By Marina Wolf
IN ALL THE HOO-HA about finally tasting Kansas City barbecue (see ), I was in danger of forgetting my whole reason for going there in the first place: the World Championship of Canning, sponsored by Grit magazine. I had sent away for a sample issue and received the one in which they were promoting the championship and soliciting essay entries. Three winning essayists would be flown, all expenses paid, for three days in Topeka, where the magazine's headquarters are located. There the winners would act as the judging panel for the canning contest.
My mind, it makes great leaps sometimes. I saw the word Kansas, flashed onto
Calvin Trillin's effusions on the subject of Kansas City (Missouri) barbecue, and entered the contest without thinking twice. Three months later I found myself sitting at a table with 57 assorted jars of preserved foods. With me were the other winners, the dignified old man from Texas who had canned food with his late wife; and the girl from Ohio who made her own goat cheese from her herd of goats and was so into historical re-creation that she wore a mobcap and looked as though she shouldn't have even believed in airplanes, let alone have boarded one.
You know how a spectrum is really a circle, and the further apart you go, the closer you are to meeting on the other side, like feminists and Bible-thumpers on the subject of pornography? So it was with us judges.

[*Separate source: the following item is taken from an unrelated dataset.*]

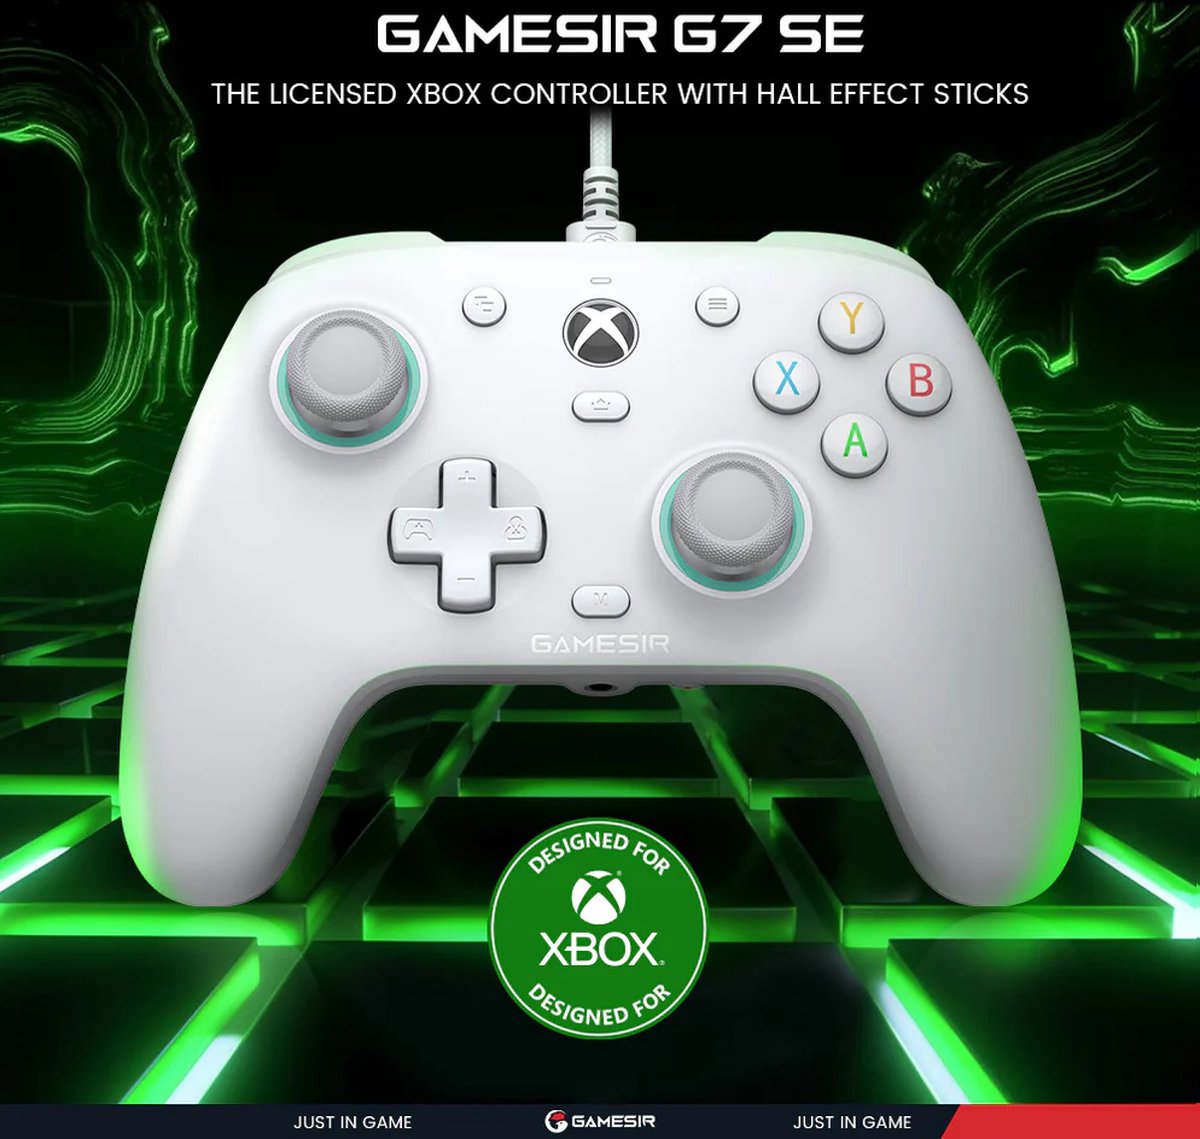 Gamesir G7 SE Pc & Xbox (officieel gelicenseerd!) bedrade controller, Hall Effect Joysticks (nooit meer stickdrift), Back buttons, Makkelijk programmeerbaar met Gamesir app
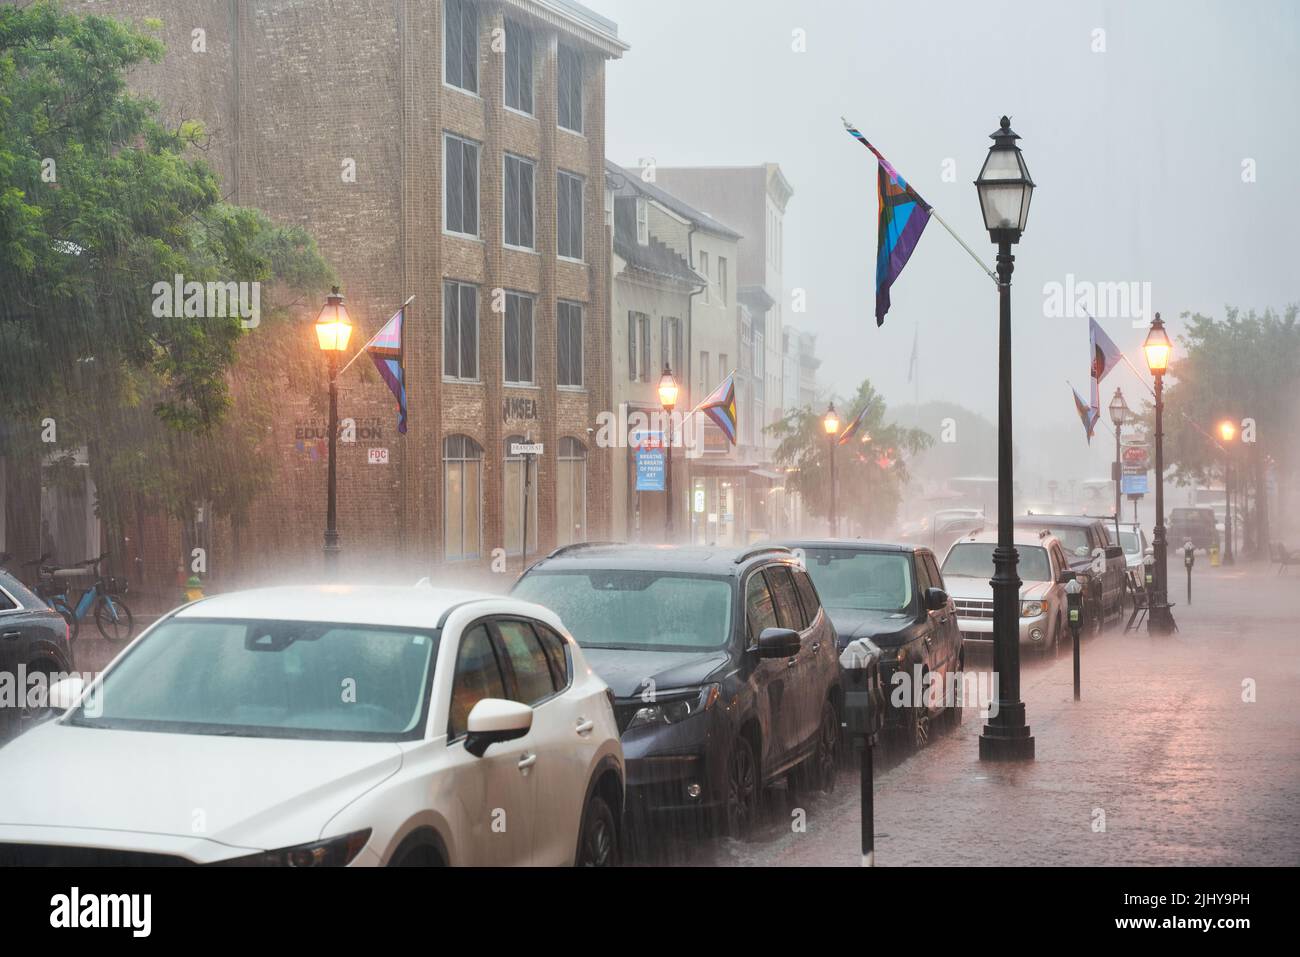 Forte pioggia estiva durante il giorno in città con illuminazione stradale accesa. Centro storico di Annapolis nel Maryland, Stati Uniti. Foto Stock

I admit I confronted some stereotypes during this contest.
I THOUGHT that America's heartland boiled its food to death, but listening to my esteemed colleagues on the panel debate about green beans for 10 minutes, I soon learned otherwise.
I mean, I was from California Fresh; the other two were all about homegrown ingredients and down-home country cooking. But if you follow our convictions around to their logical extremes, we met at the inevitable conclusion: flavor and texture are all that count.
Together we rivaled any food reviewer in the country for focus, finickiness, and overall attitude. We sucked air and smacked our lips and took vicious pleasure in ripping to shreds the truly horrid entries: the absurd bread-and-butter pickled jalapeños that weren't even hot (what's the point?), the fruit cocktail with the twice-cooked peach segments (buy a can and save yourself the trouble), the jellies that quivered in pallid pools of their own perspiration (like ladies, truly refined jellies don't sweat).
We shared outrage at the entries that included canned items in the recipes--tomato soup in the vegetable soup, cranberry sauce in the black-pepper cranberry salsa.
Oh, we had our differences, but they weren't the ones I expected. The faux Amish girl had a peculiar taste for items that had been flavored with Cinnamon Red-Hots, which I felt she, if anyone, should recognize as an abomination unto the Lord. The Texas gentleman was taciturn but firm on the subject of the otherwise outstanding blackberry jam whose prominent seeds knocked it out of the running, in his polite opinion.
I fought in vain for recognition of the nuances in the summer pears, a carefully arranged jar of creamy-white pears that had been touched with a whiff of almond extract. They turned out to be way too subtle for my companions--"They're kind of quirky," said the girl diplomatically, while the Texan grunted something about them being "too soft."
Now, I could have taken those comments personally, but in the interest of furthering cross-cultural communications, I subsided and let the Cinnamon Red-Hot pears win in the fruit category. Hey, I'd had my barbecue.
My duty here was done.
From the October 19-25, 2000 issue of the Northern California Bohemian.